A pressão para que em 2019 seja retomada a “normalidade” salarial no Estado vem dos vários quadrantes políticos. Até do PSD. No fim-de-semana, o líder social-democrata Rui Rio lamentou que a melhoria económica não permita aumentar o poder de compra dos funcionários públicos.

Rio lembrou que “repor o poder de compra dos funcionários públicos custaria 300 milhões de euros” e “só na Caixa Geral de Depósitos e no Novo Banco o Estado meteu um total de oito mil milhões de euros”, o que “são 25 vezes mais do que os 300 milhões de euros”.

“Os funcionários públicos vão ver, mais uma vez, o seu poder de compra reduzido. O Governo repôs [os salários], mas os salários sofreram uma erosão acumulada com a inflação. Há que tirar uma conclusão: não há nenhum milagre económico nem a economia nacional é fluorescente”, afirmou no domingo, citado pela Lusa.

Bloco de Esquerda e PCP também têm saído em defesa de aumentos. Nesta segunda-feira, reagindo às declarações do primeiro-ministro, o líder comunista, Jerónimo de Sousa, reconheceu que remeter a questão dos aumentos salariais da função pública para o Orçamento do Estado é “perfeitamente lógica e aceitável”, mas insistiu que é preciso fazer essa ponderação.

Do lado dos sindicatos, a expectativa é que 2019 traga boas notícias. “Acredito que o Governo vai acomodar as condições para não permitir a degradação dos salários da Administração Pública, já que mais de metade dos trabalhadores não terá qualquer mudança de posição remuneratória na sequência do descongelamento e não tem aumentos desde 2009”, afirmou ao PÚBLICO o líder da Federação de Sindicatos de Administração Pública (Fesap), José Abraão.

“Quero acreditar que teremos aumentos salariais em 2019”, acrescentou.

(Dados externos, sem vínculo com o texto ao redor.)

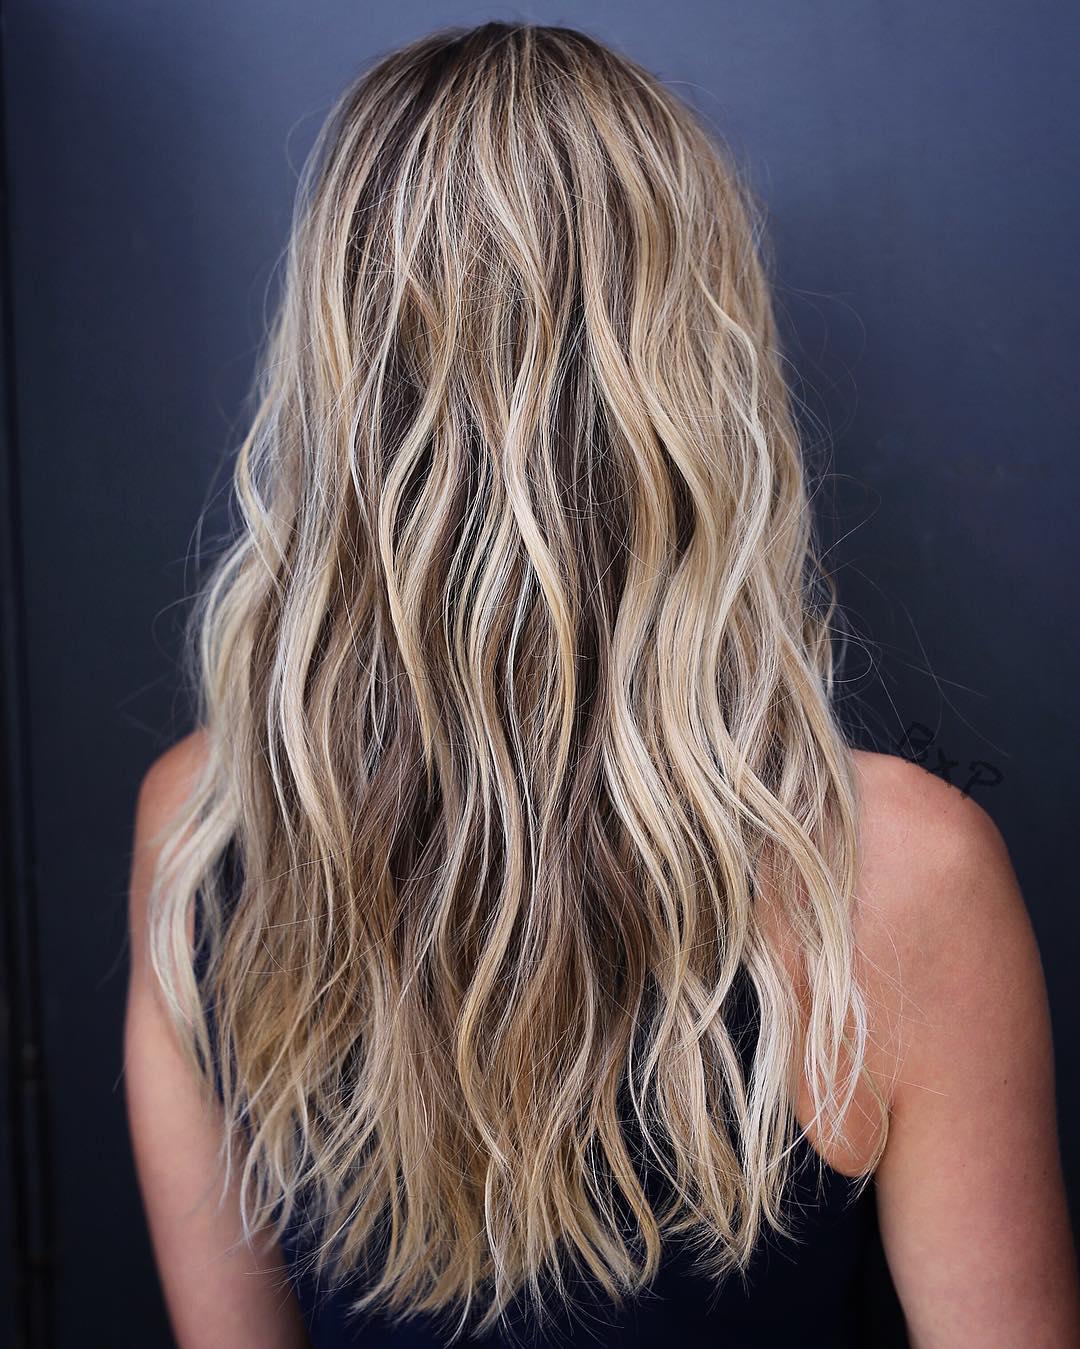 balayage ombre hair color ideas 10 10 Amazing Ombré and Balayage Hair Color Ideas

Helena Rodrigues, presidente do Sindicato dos Quadros Técnicos do Estado (STE) afirma que a expectativa dos trabalhadores da função pública e do privado é que o crescimento da economia tenha tradução nos salários. Mas deixa claro que um aumento igual à inflação “é insuficiente”, devido à perda de poder de compra verificada nos anos anteriores.

Aumento real apenas em oito anos

Olhando para o que aconteceu nas últimas três décadas, conclui-se que até 2009 – ano em que os funcionários tiveram o último aumento salarial, de 2,9% assinado por José Sócrates e Teixeira dos Santos – todos os governos reservavam uma parte do Orçamento do Estado para subir os salários dos funcionários públicos.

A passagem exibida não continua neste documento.